# A little help on this one.



## panama (Nov 24, 2011)

Hello. Could anyone please help me figure out some of the rental ads terms? 

This is what I got so far (not much I know )

Schön: nice
ruhige lage: quite location
Zimmer: Rooms
Wohnung: Apartment
Teilmöbliert: Partly furnished. ?? 
Wohnküche: Residential kitchen. ??
Wohnzimmer: Livingroom
Vermieten: Rent
Schlafzimmer: Bedroom
voll möbliert: Fully furnished.
Einbauküche: ??

Don´t understand the ones with ??

Any other important terms you think that I´m missing, please add it in.

Thanks

Alex


----------



## James3214 (Jun 25, 2009)

Here you are Alex..

Teilmöbliert: Partly furnished. correct
Wohnküche: eat in kitchen or a breakfast bar but part of the living room
Einbauküche: Fitted kitchen...be aware that in Germany they normally take the kitchen with them when they move...even fitted ones! or probably ask for the cost of it if they leave it here


----------



## panama (Nov 24, 2011)

thanks James. Do you think the same meaning of terms applies to rental ads in Austria?

Alex


----------



## ALKB (Jan 20, 2012)

James3214 said:


> Here you are Alex..
> 
> Teilmöbliert: Partly furnished. correct
> Wohnküche: eat in kitchen or a breakfast bar but part of the living room
> Einbauküche: Fitted kitchen...be aware that in Germany they normally take the kitchen with them when they move...even fitted ones! or probably ask for the cost of it if they leave it here


A Wohnküche actually just means that there is space for a table or at least some sort of seating.

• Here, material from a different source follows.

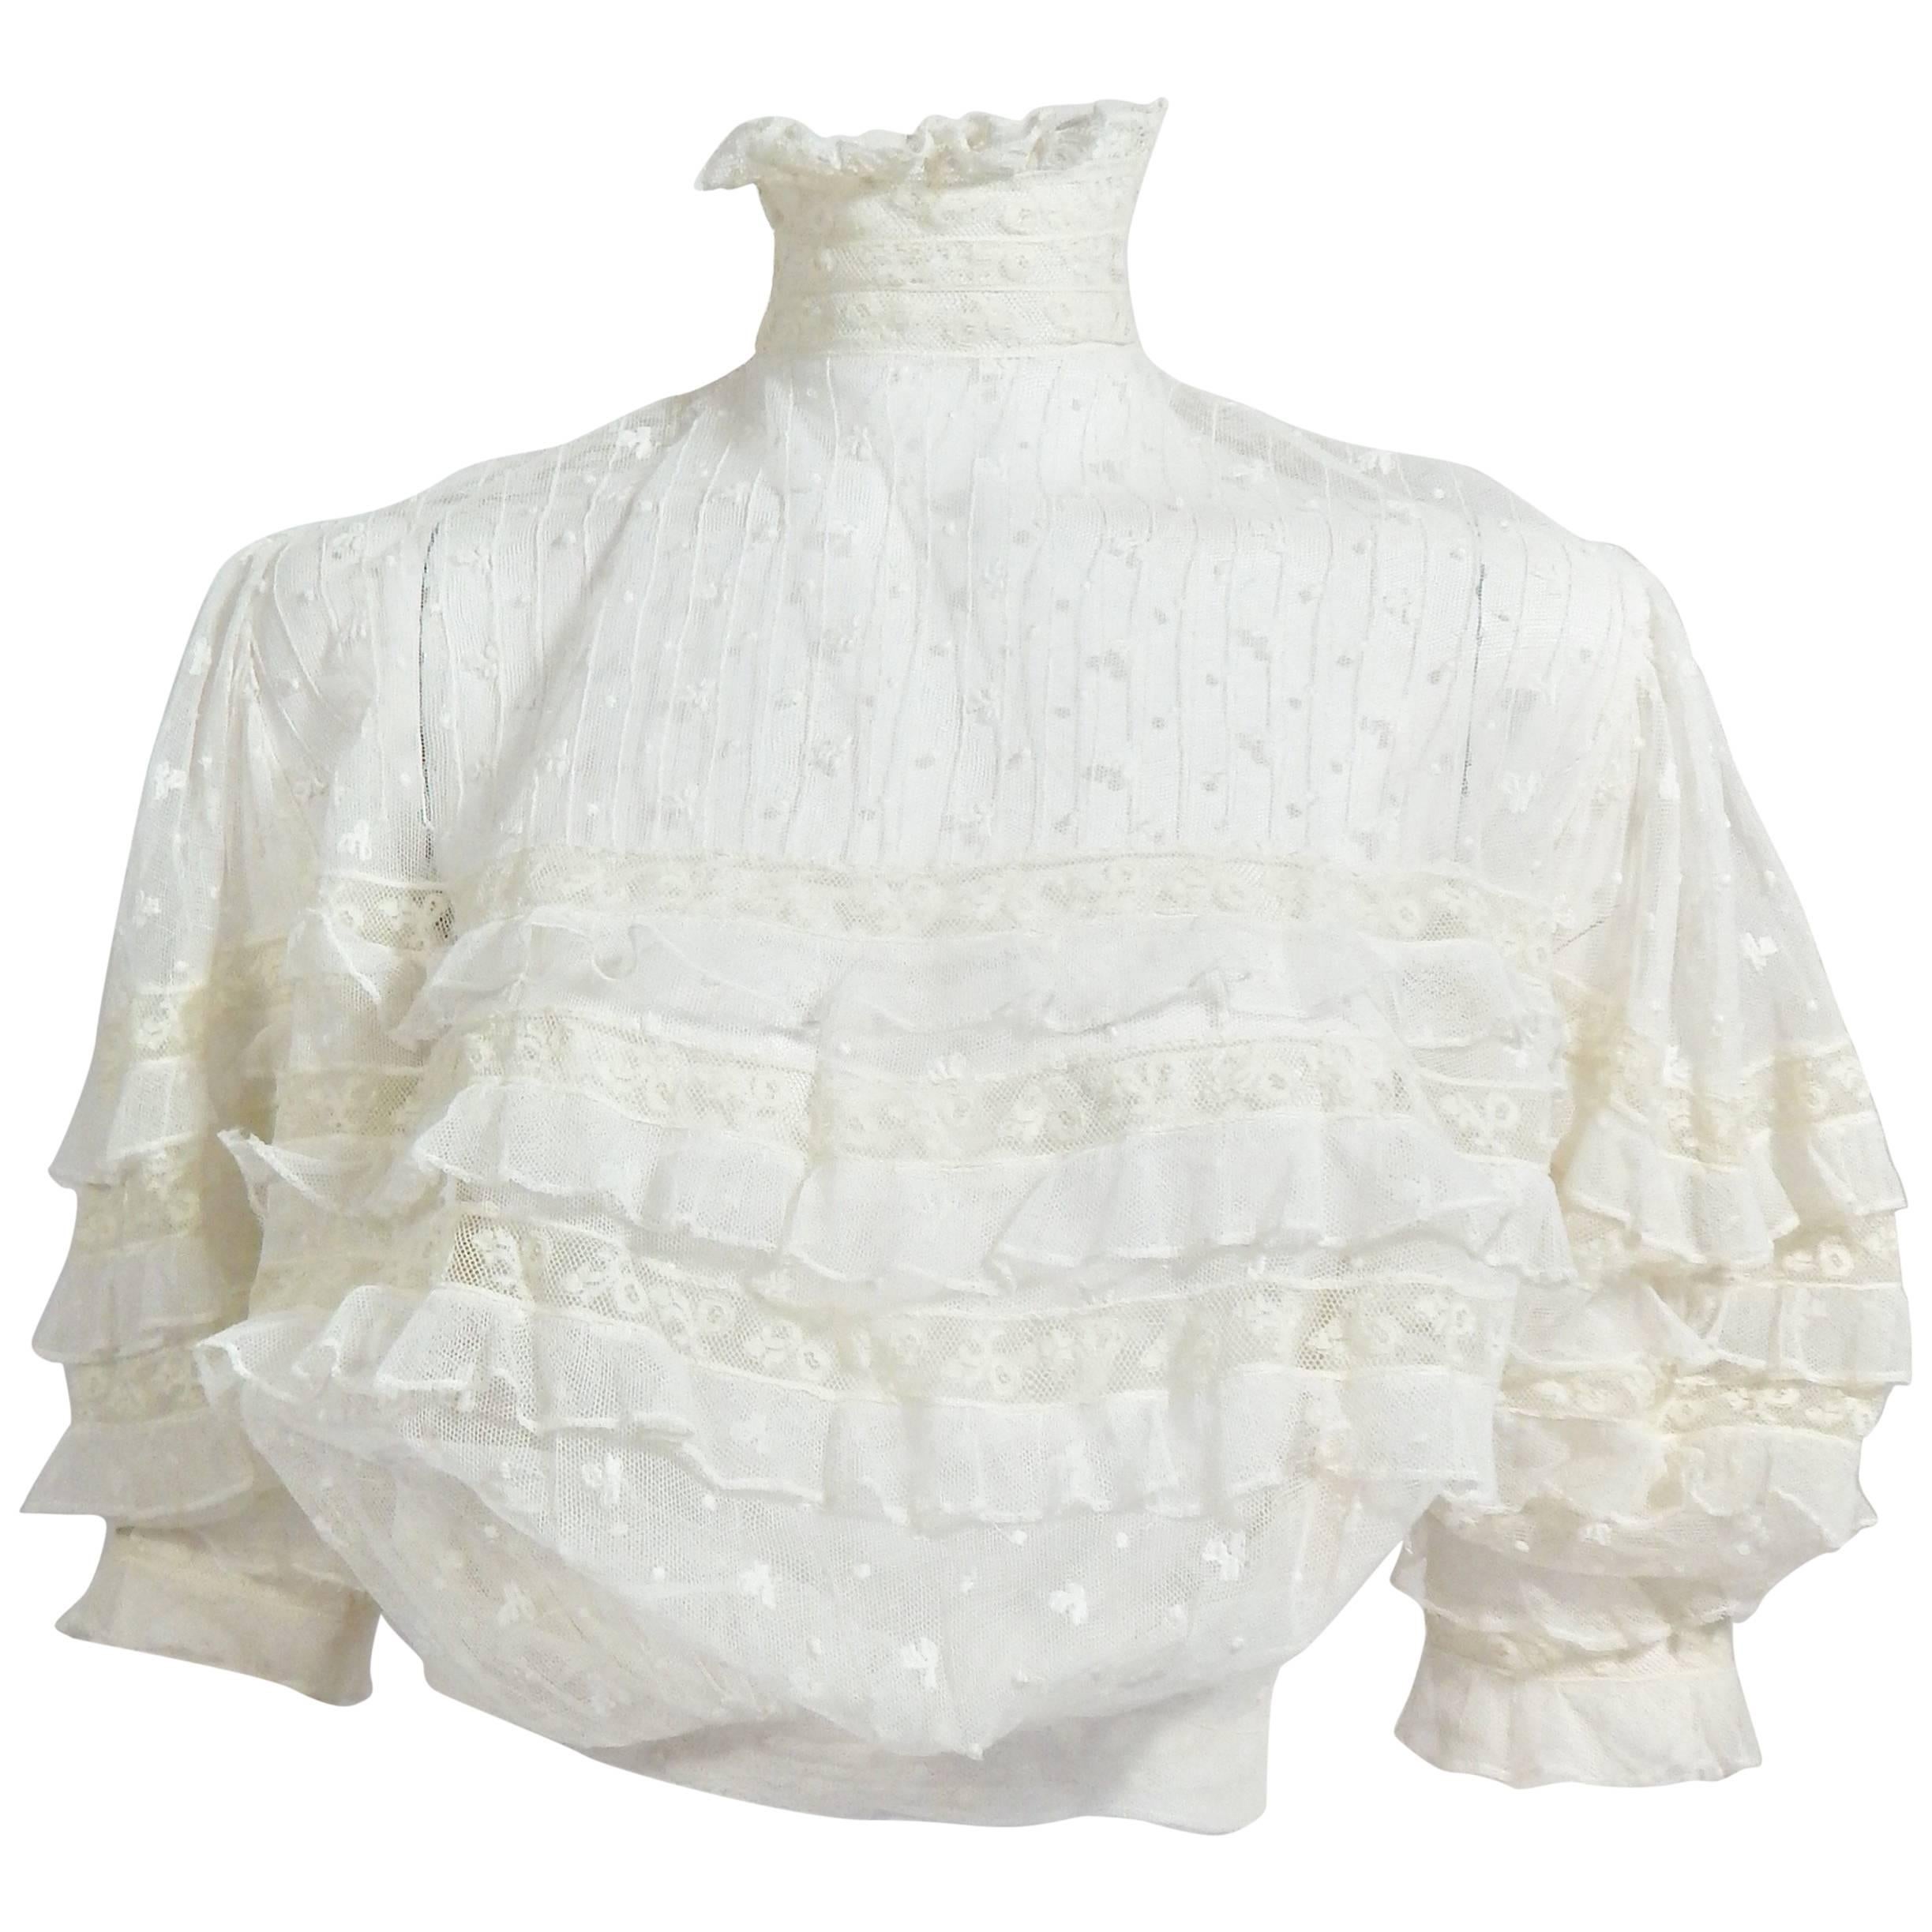 Edwardian Sheer Embroidered Blouse Top

An open-plan kitchen is often referred to as 'amerikanische Küche' (American kitchen) or 'offene Küche' (open kitchen).

It´s a very good idea to look at apartments that come with a fitted kitchen. Such a hassle to put them in yourself!

Terms should be pretty much the same in Austria but there can be some local differences and abbreviations.

Careful if you see 'Ablöse'! It means that the last tennant has installed something in the apartment (parquet flooring, a kitchen, built-in wardrobes, etc.) and wants a certain amount of money for that.

I noticed that in Austria, commission for letting agents is often called 'Honorar' while in Germany it´s 'Provision'.


----------